Spontaneous recurrent nose bleeds from telangiectasia of the nasal mucosa are the most common manifestations of HHT and occurs in about 95% [2]. Intervention for epistaxis should be considered if there is anaemia attributable to nose bleeding or if the frequency and duration of bleeding interferes with normal activities [2]. Our patient required no treatment as the epistaxis was self-limiting. Telangiectases of the skin and buccal mucosa also occur in about 95% of patients, typically presenting later in life than epistaxis [2]. It usually presents in about the third decade of life and gradually increases in number and size. They mostly occur in the face, lips, tongue, buccal mucosa and finger tips and can occur elsewhere. Our patient had telangiectases over the oral mucosa and conjunctivae.
Pulmonary AVMs are thin walled abnormal vessels that replace normal capillaries between pulmonary arterial and venous circulation.
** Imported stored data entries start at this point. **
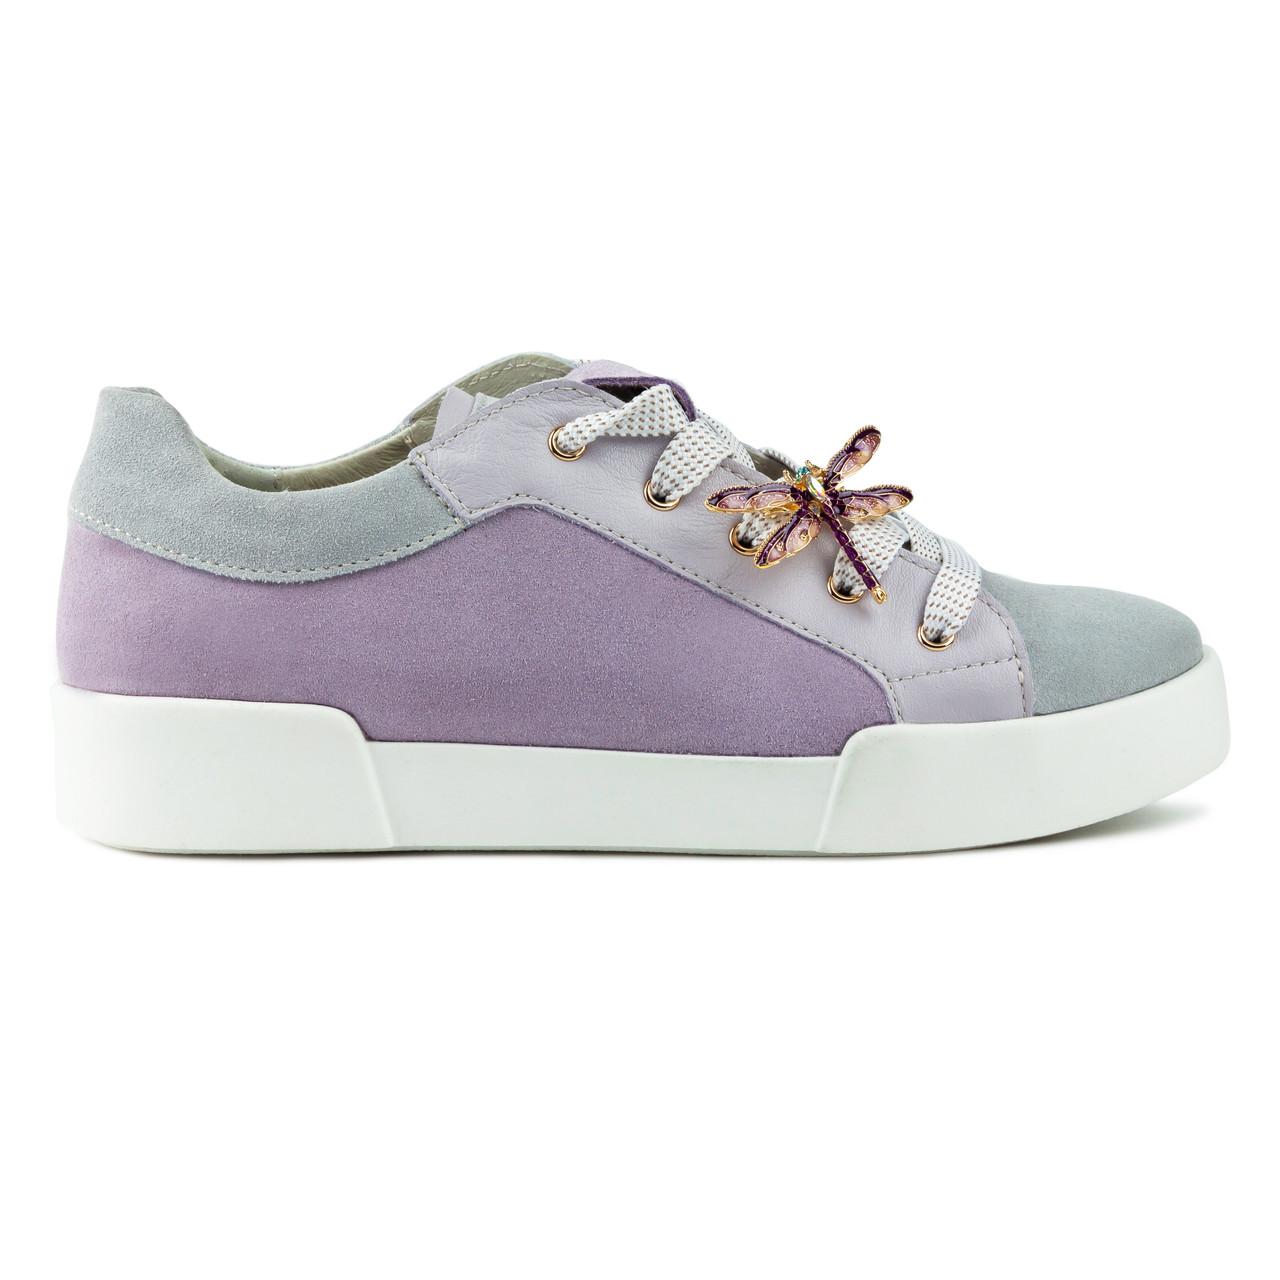 Кеды Woman's heel серо-фиолетовые (О-858)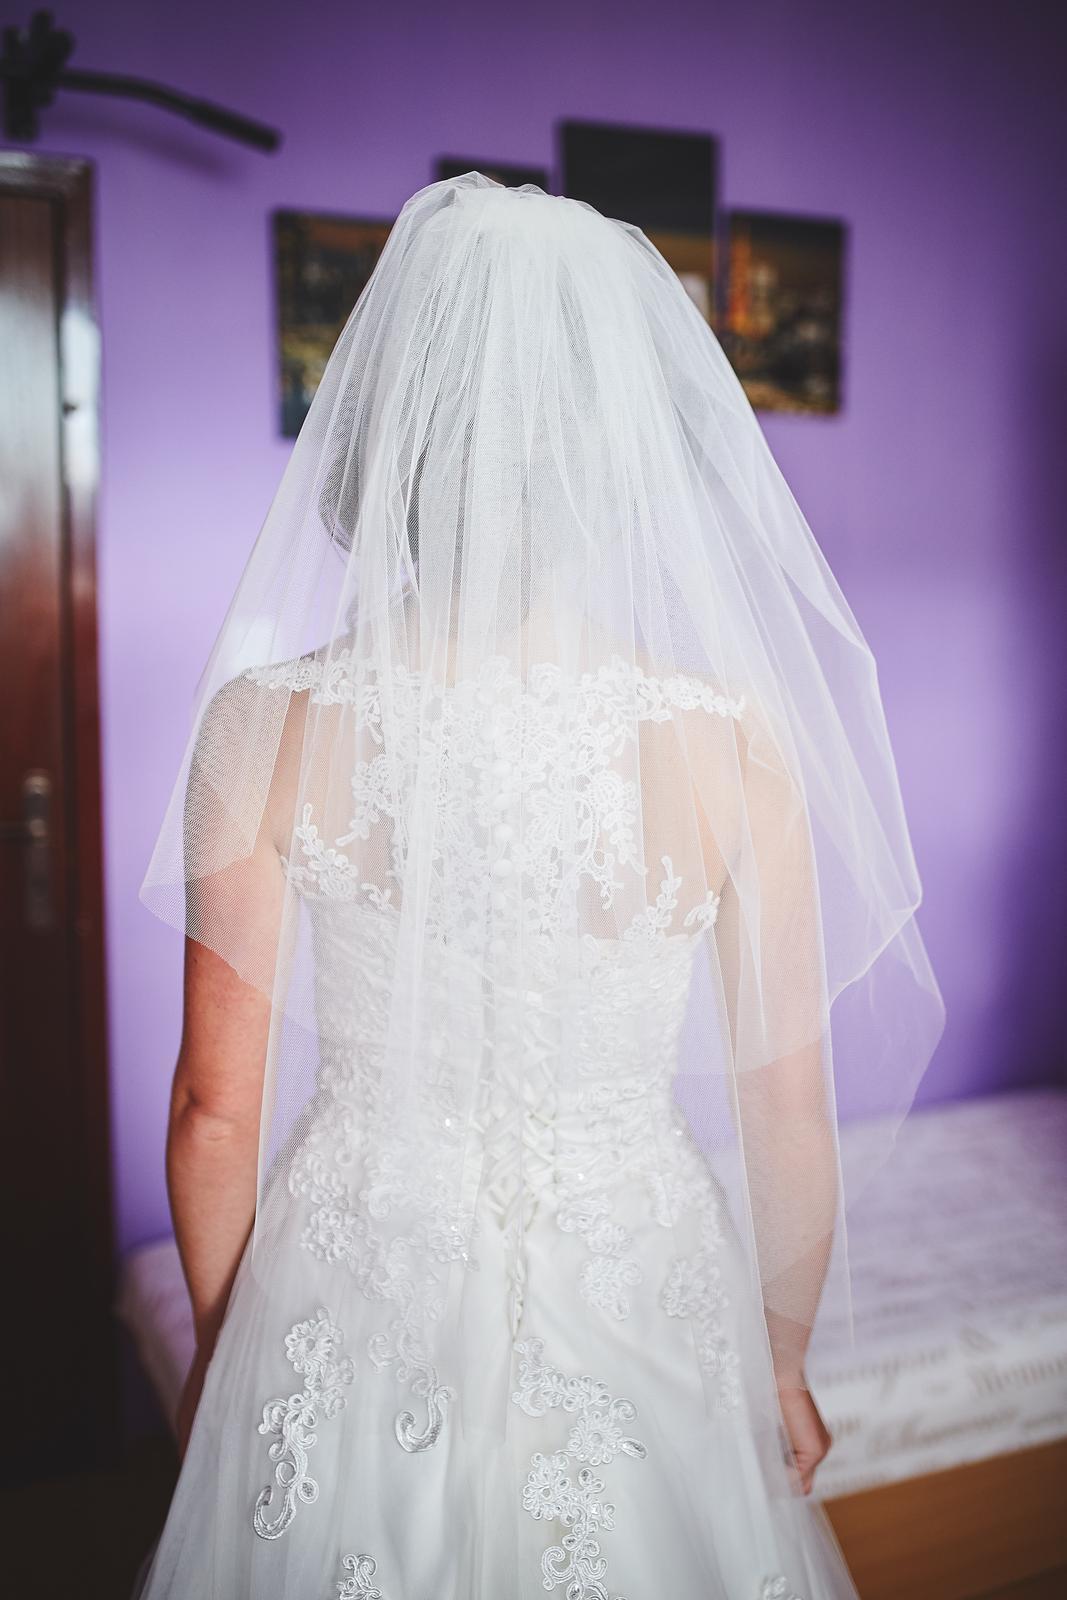 Svadobné Šaty šité svadobný ateliér by Salón Renky - Obrázok č. 2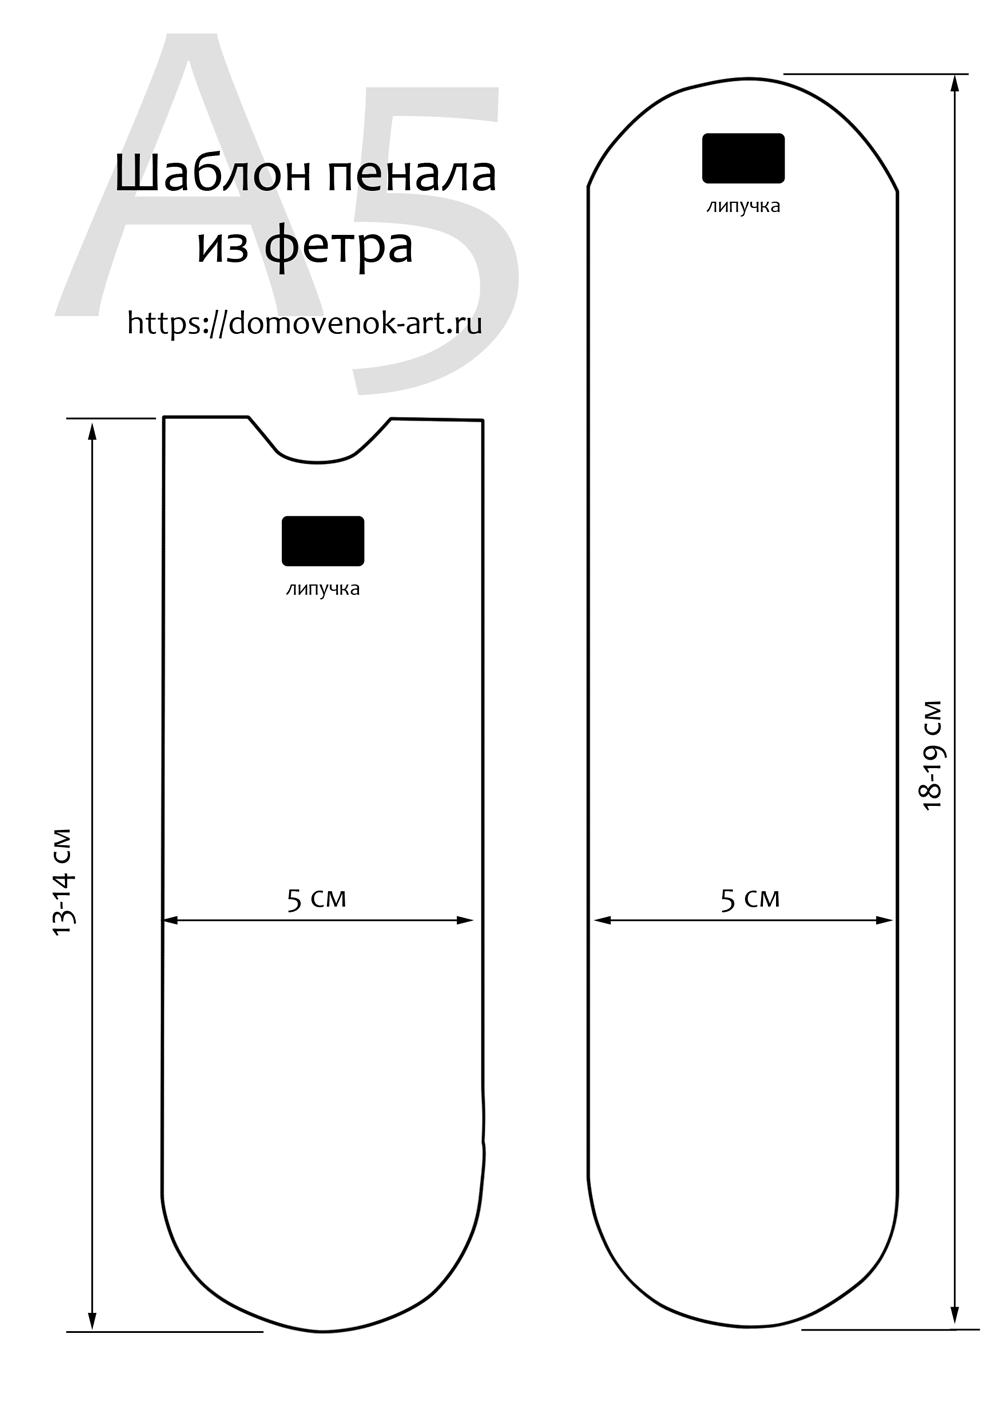 Шаблон или выкройка пенала из фетра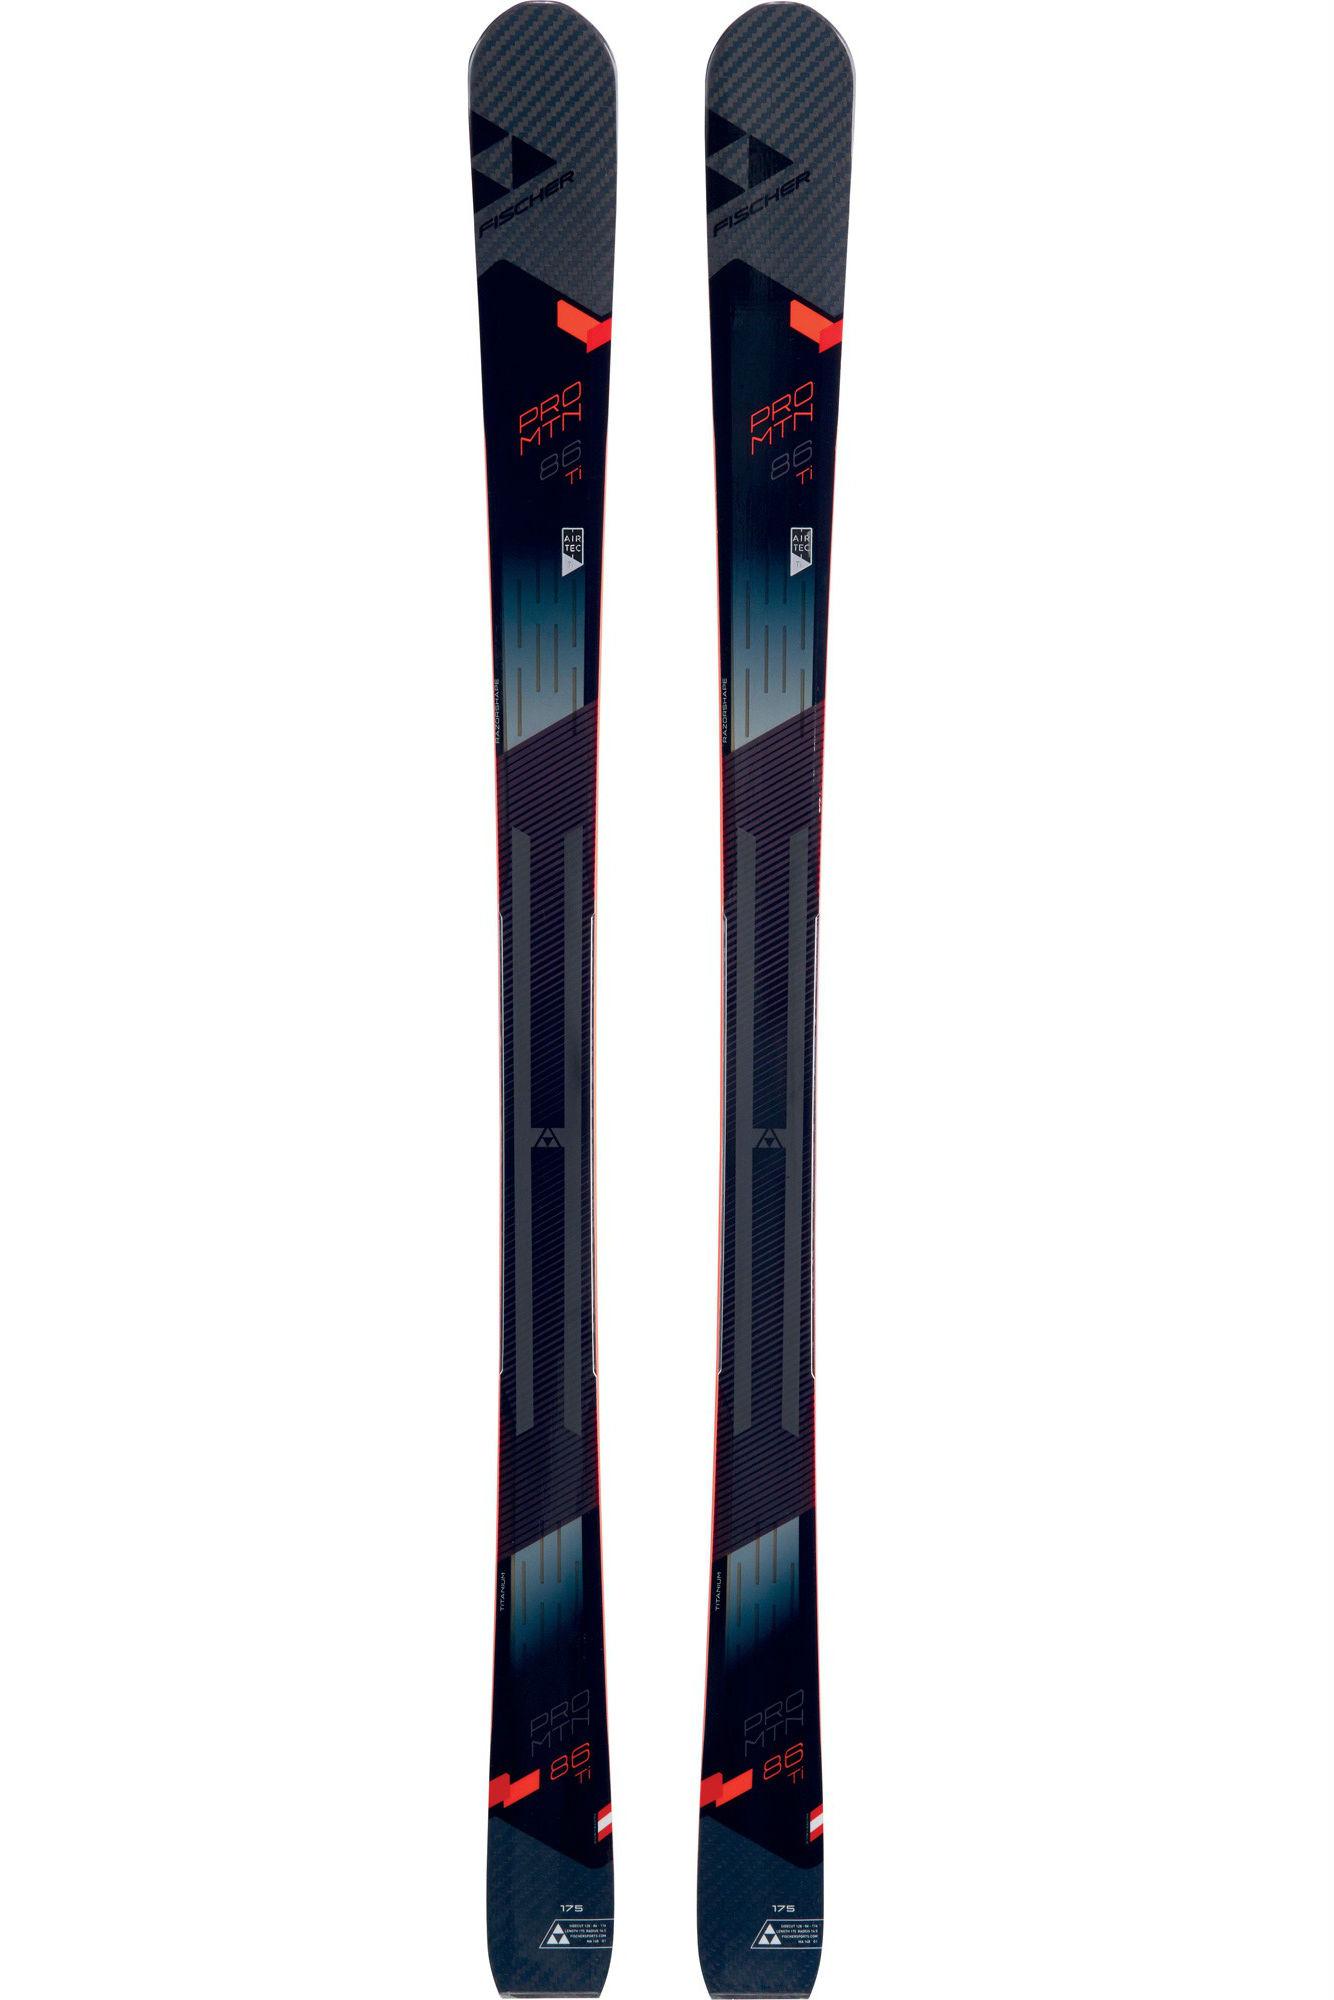 Ski Fischer Pro Mt 86 Ti

In one study 37% of patients with HHT demonstrated pulmonary AVM on high resolution computed tomography (CT). The safest method for treatment is transcatheter embolisation. Since our patient had bilateral diffuse pulmonary AVM conservative management was planned. Cerebral AVMs occur in approximately 10% of patients with HHT [2]. They can cause headache, seizures, ischaemia of the surrounding tissue, or haemorrhage. Our patient did not have cerebral involvement.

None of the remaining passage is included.